In this study, three historical temperature datasets were considered: Pathfinder SST ver.5 [34], ERSST ver.3 [35], and HadISST ver.1.1 [36] for use in the calculation of the following: growth curves (long-term coral growth and mortality module), DHM thresholds (episodic temperature event module), transformation of predicted SST, and probability density functions of seasonal (monthly) temperature variability. Although the satellite-based Pathfinder is in most aspects a superior data set in terms of consistency, precision and accuracy, ERSST was chosen as the historical data set, since it encompasses a longer time span (1854–2008) and can offer more statistical robustness than the Pathfinder (1985–2008) due to its longer time span. ERSST is chosen over HadISST since it compares better in terms of RMS error and bias to Pathfinder SST during periods of overlap (Figure S1). Only ERSST data after year 1945 were used in the analysis, when the estimated standard error falls to less than 0.4°C at all study locations. While somewhat limiting the statistical advantages of the longer time span, it still confers greater robustness than the Pathfinder (53 years versus 23 years).
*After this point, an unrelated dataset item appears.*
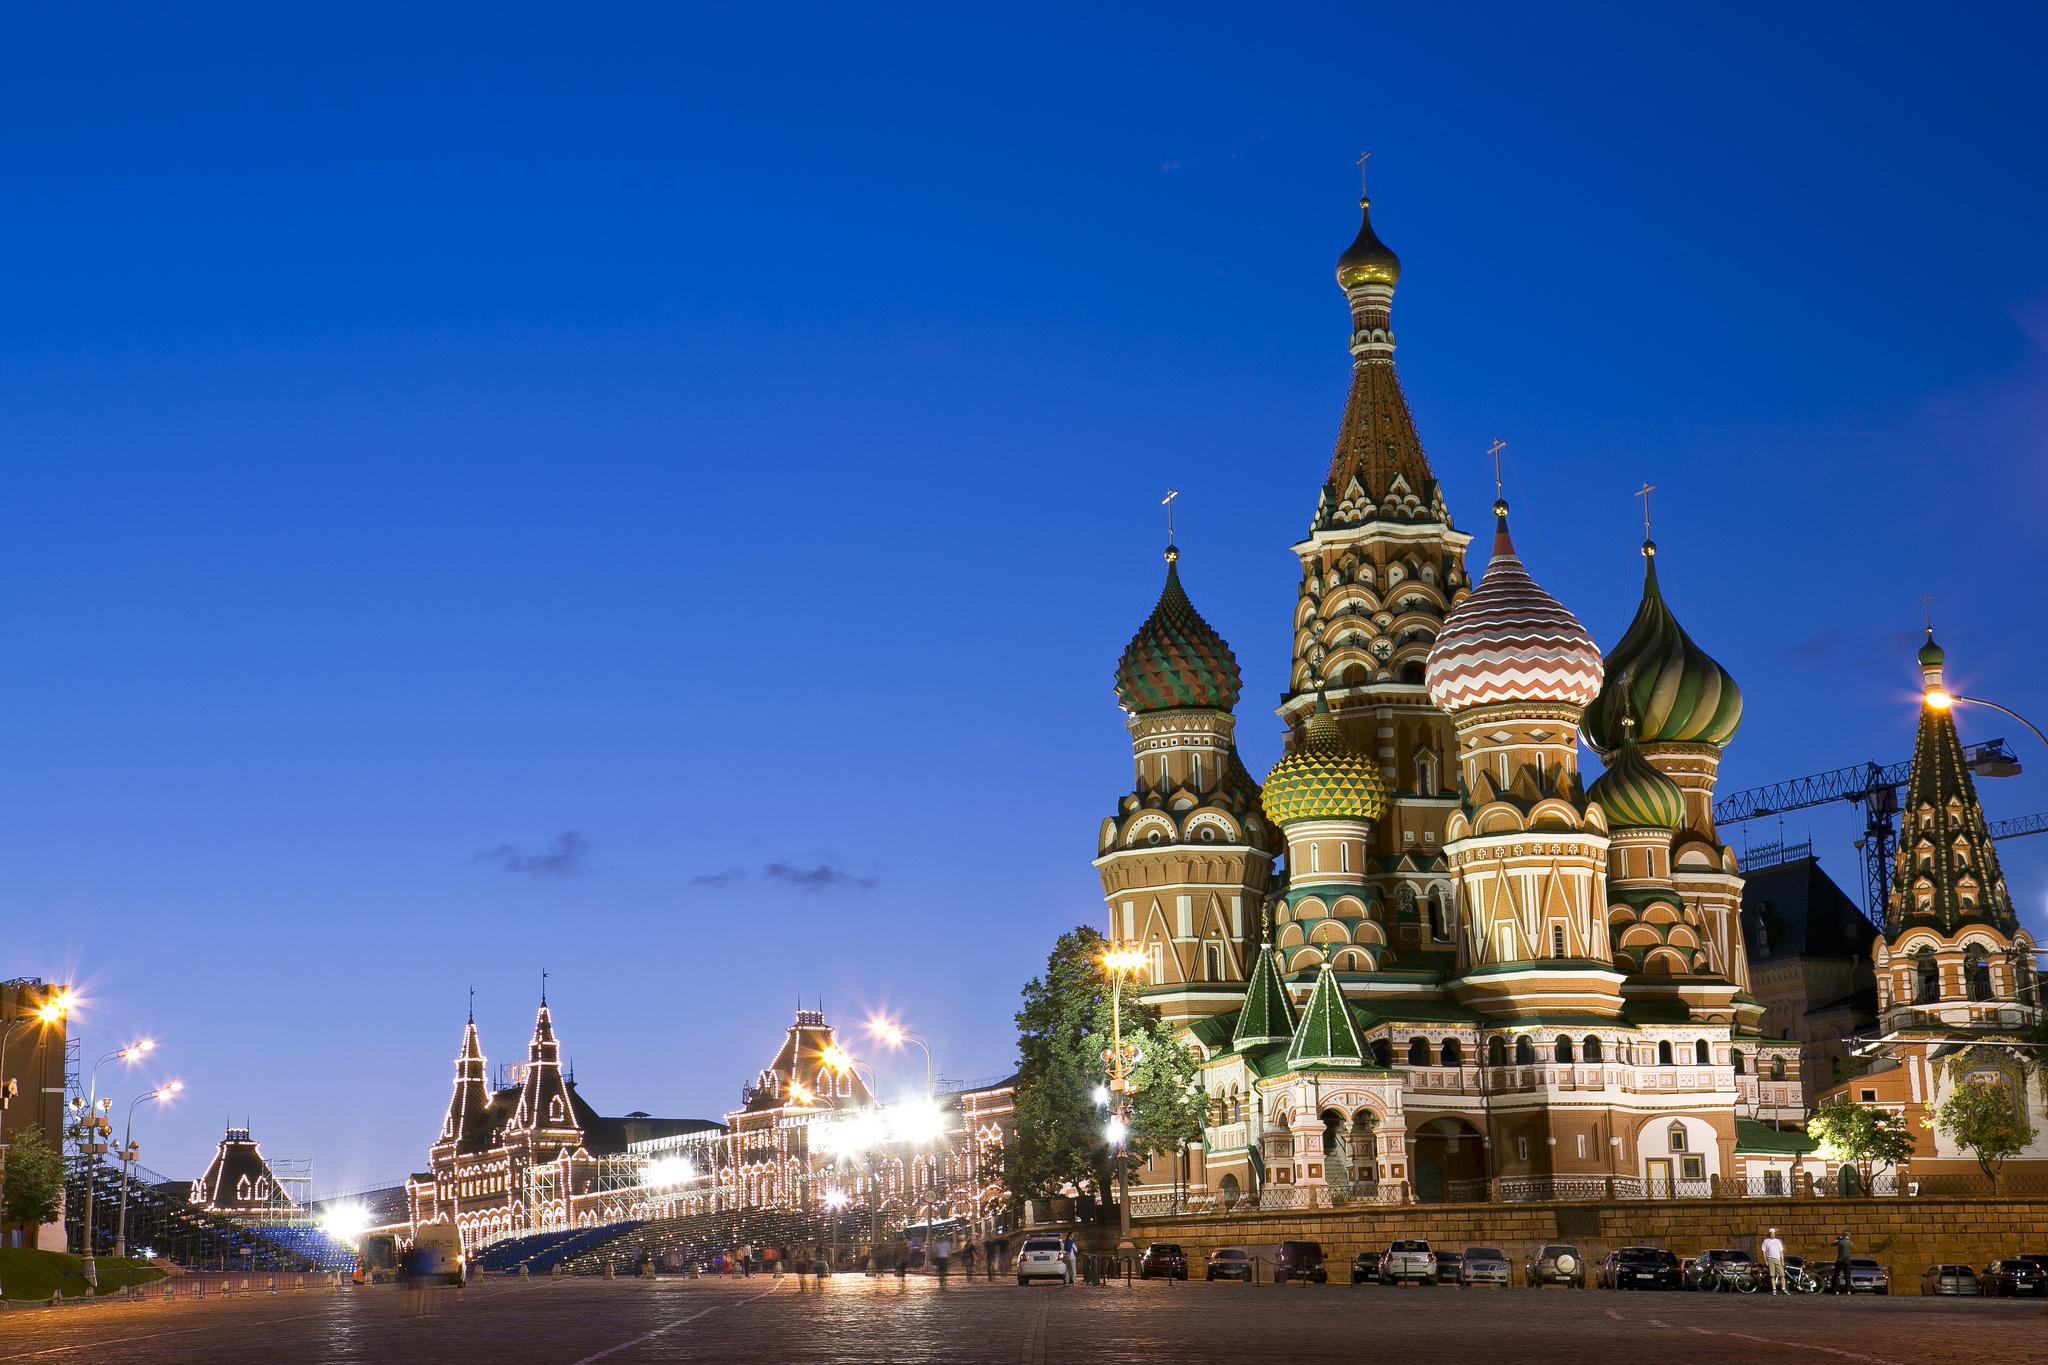 архитектура страны Церковь Москва Россия  № 2449592 без смс

Model ensemble member generation

Method 1: individual model ensemble.

The bias corrected and scaled SST predictions from each AOGCM that passed the selection criteria were used as input to the coral cover change model. Selection criteria were subjectively defined as models with biases <3°C and seasonal scale differences of <1 standard deviations. This effectively removed 17 of the 41 runs of available model SSTs (across the 20 different AOGCMs) that appeared to be outliers in the multi-model database, at least for SST in the study region. See Table S1 for the model SST selection criteria evaluation statistics. The resulting individual calculations of coral cover change for years 2000–2009 (one for each model passing selection criteria), were then averaged with respect to one another, providing a multi-model mean expressing a ‘most likely’ final outcome among the individual model runs, each considered a possible outcome.

Method 2: Monte Carlo simulation ensemble.

All AOGCM bias-corrected SST predictions at each location that passed selection criteria (the same as that defined above) were low-pass filtered to remove the model-imposed seasonal fluctuations and then averaged, resulting in a multi-model mean temperature change (increase) for years 2000–2099 for each location. Normal distributions of temperature variance were calculated for each month of the historical time series at each location; different (non-normal) distributions were tested, but did not result in better fit. Future monthly temperature variation about the ensemble mean temperature change is produced using normal random number generation, resulting in a possible future scenario of SST change with seasonal fluctuations constrained by the historical distributions (example, Fig. 5). These SST simulations were used as input to the coral cover change model. The total number of simulations is stopped at 500 at each location; running simulations beyond this number did not result in a significant increase in the variance of possible outcomes of coral cover change. The resulting outcomes express a range of possible outcomes and are averaged to provide a mean expressing a ‘most likely’ net outcome, interpreted similarly as method 1.

Figure 5. Example of temperature prediction using normal distribution of historic temperatures.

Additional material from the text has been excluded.